Per la domanda: Cosa poteva dare l'Ukraina a noi entrando nella Nato? Ma perchè i minuscoli paesi baltici cosa possono dare a noi? Semplicemente l'adesione metteva in sicurezza un paese e quindi tutto il continente europeo sarebbe stato più sicuro.


----------



## Divoratore Di Stelle (7 Luglio 2022)

Albijol ha scritto:


> Per la domanda: Cosa poteva dare l'Ukraina a noi entrando nella Nato?
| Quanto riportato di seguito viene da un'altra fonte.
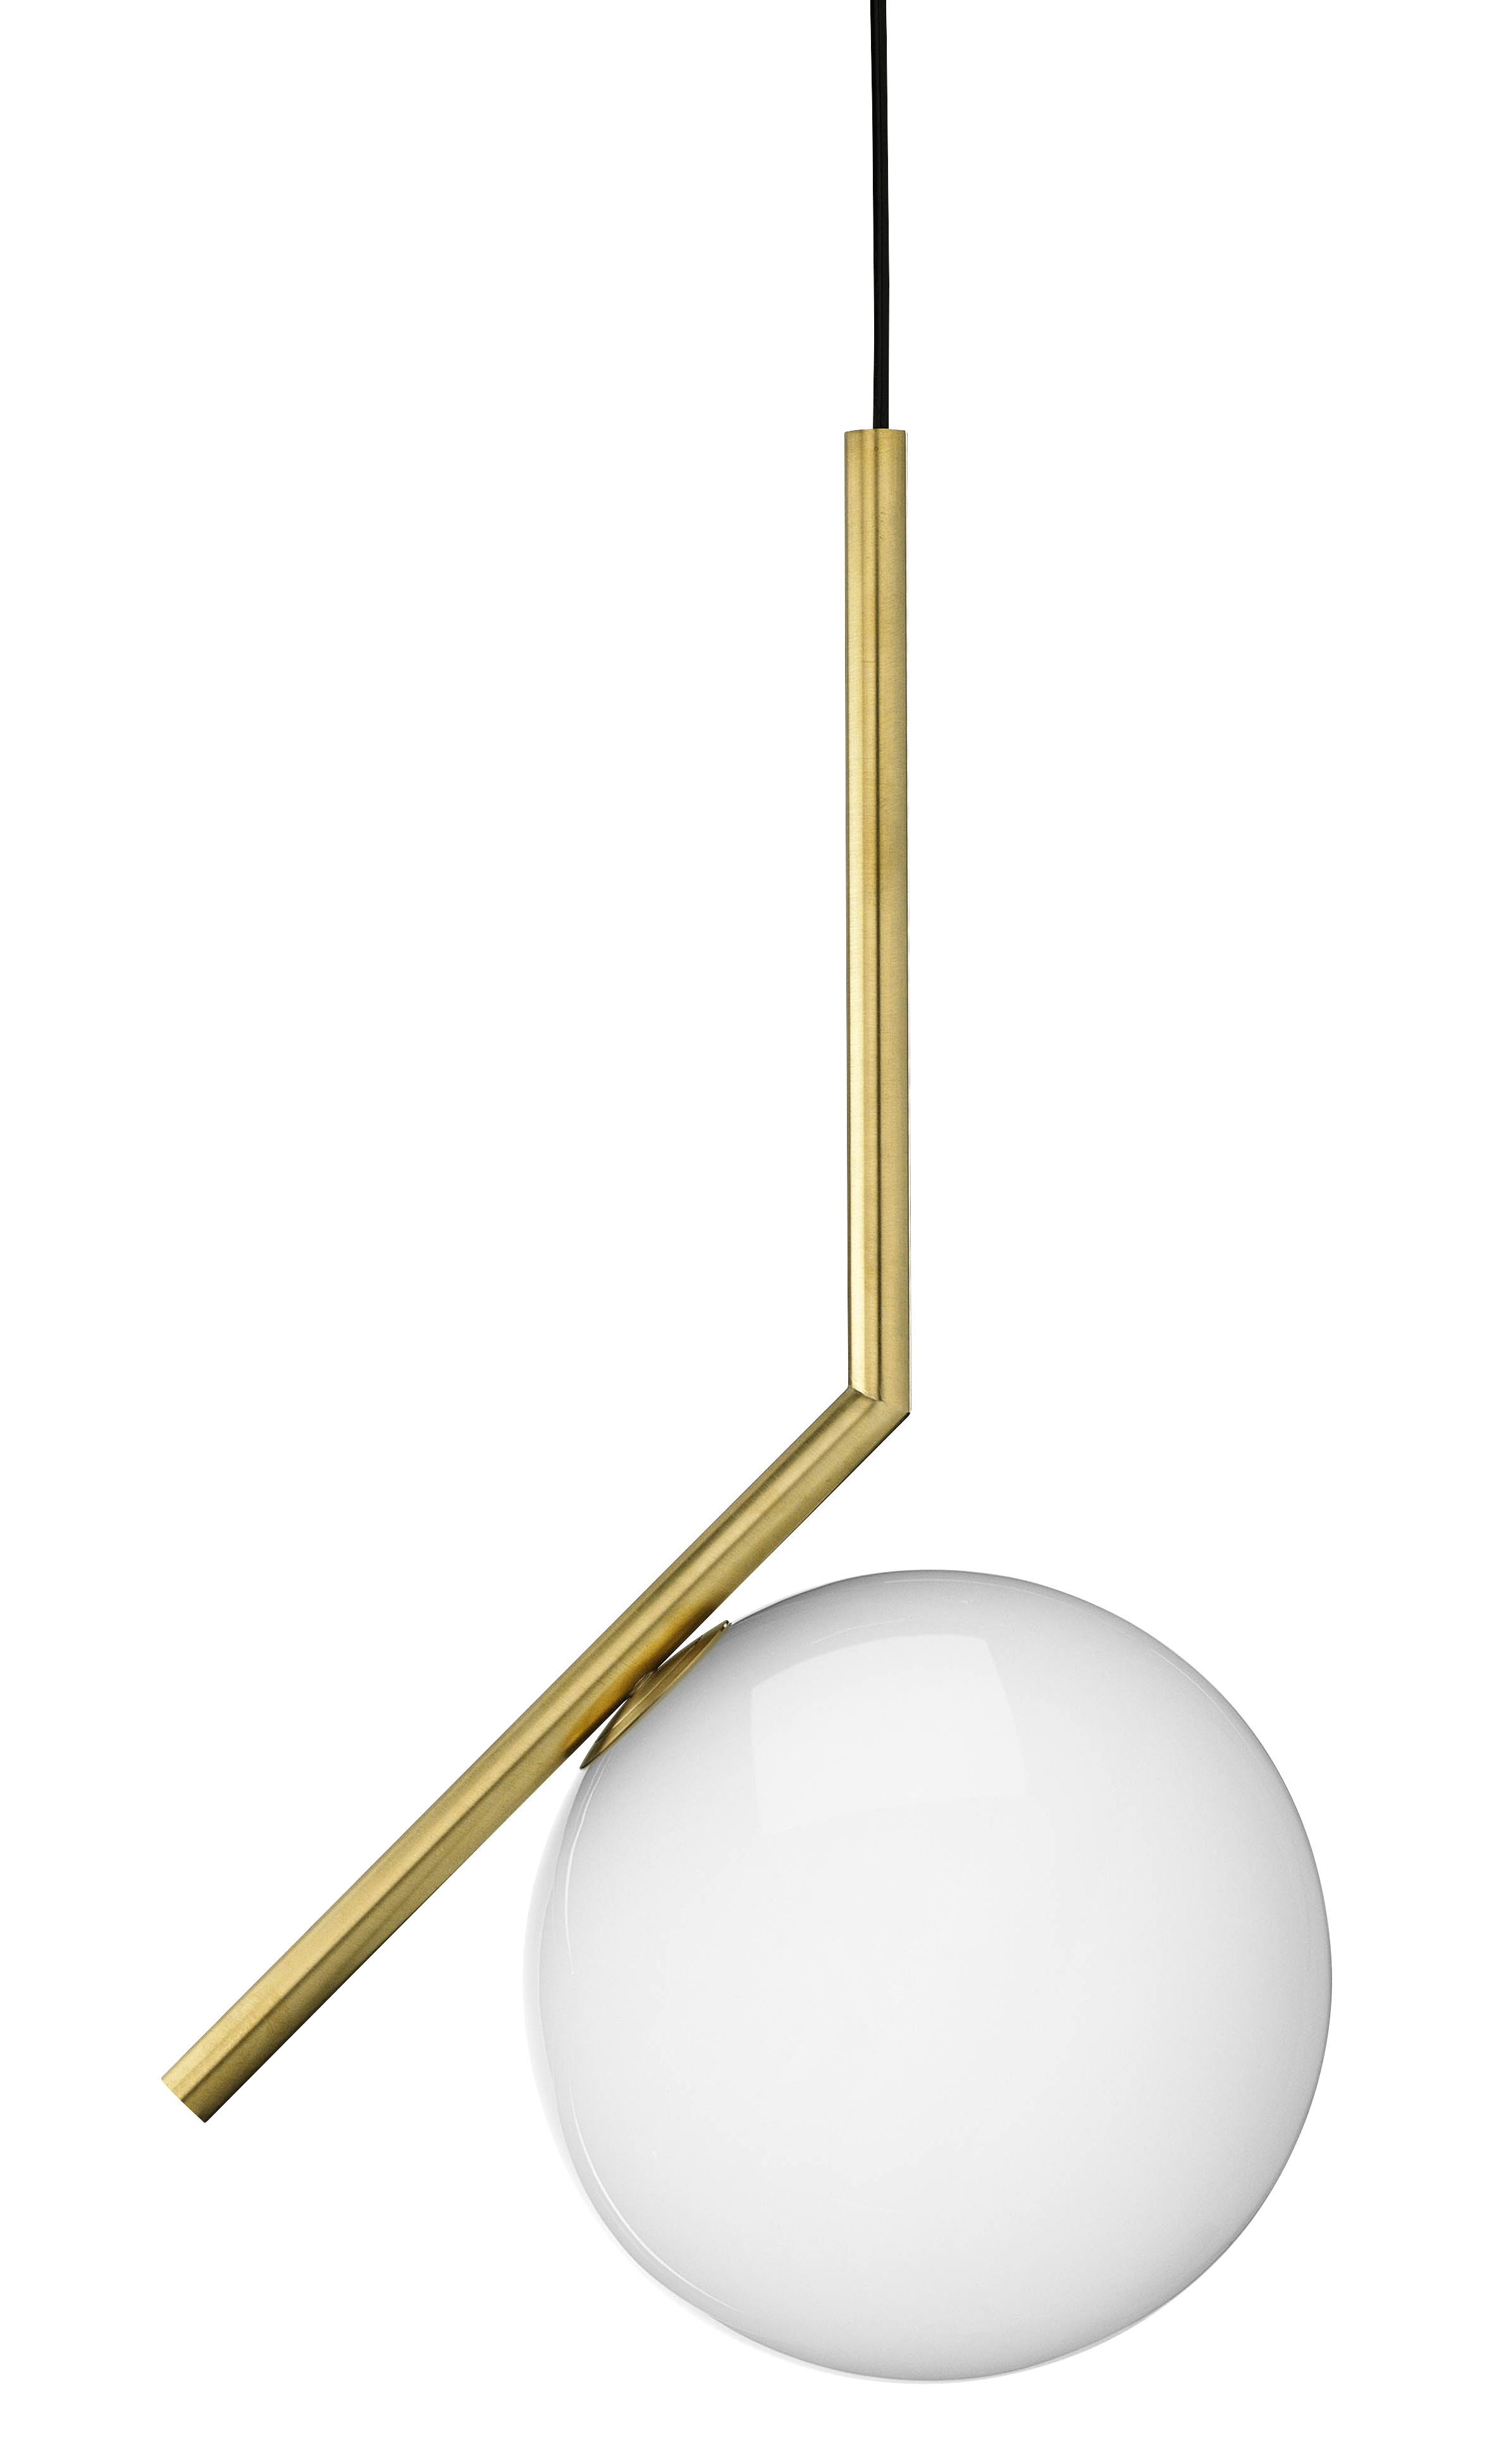 Illuminazione - Lampadari - Sospensione IC S1 - / H 48,2 cm di Flos - Ottone - Acciaio, vetro soffiato

Ma perchè i minuscoli paesi baltici cosa possono dare a noi?* Semplicemente l'adesione metteva in sicurezza un paese e quindi tutto il continente europeo sarebbe stato più sicuro.*



Scusa ma...ma quando mai ?  
Inserire nel mapazzone dell'UE Estonia,Lettonia e Lituania,in che modo ha reso più sicuro tutto il nostro continente europeo ?

Sono i classici staterelli (tipo gli stati dell'est europa) abili solamente a ciucciare soldi a noi (noi italiani soprattutto,dato che in europa siamo uno dei maggiori contributori netti).
Ma la questione migranti l'abbiamo già scordata,vero ?
Quando tutti questi staterelli ridicoli ci hanno voltato le spalle e non accettavano la condivisione e l'aiuto nel mediterraneo ?
Ed erano proprio loro...paesi baltici,paesi dell'est e paesi visengrad.

E con l'ucraina sarà la stessa medesima cosa.
Si è fatta fottere dalla russia persino le zone più industrializzate della nazione,cosa potrebbe darci l'ucraina se non debiti su debiti ?
E in che modo renderebbe più sicuro il continente europeo? Anzi,sarebbe proprio l'opposto.


----------



## Albijol (7 Luglio 2022)

Divoratore Di Stelle ha scritto:


> Scusa ma...ma quando mai ?
> Inserire nel mapazzone dell'UE Estonia,Lettonia e Lituania,in che modo ha reso più sicuro tutto il nostro continente europeo ?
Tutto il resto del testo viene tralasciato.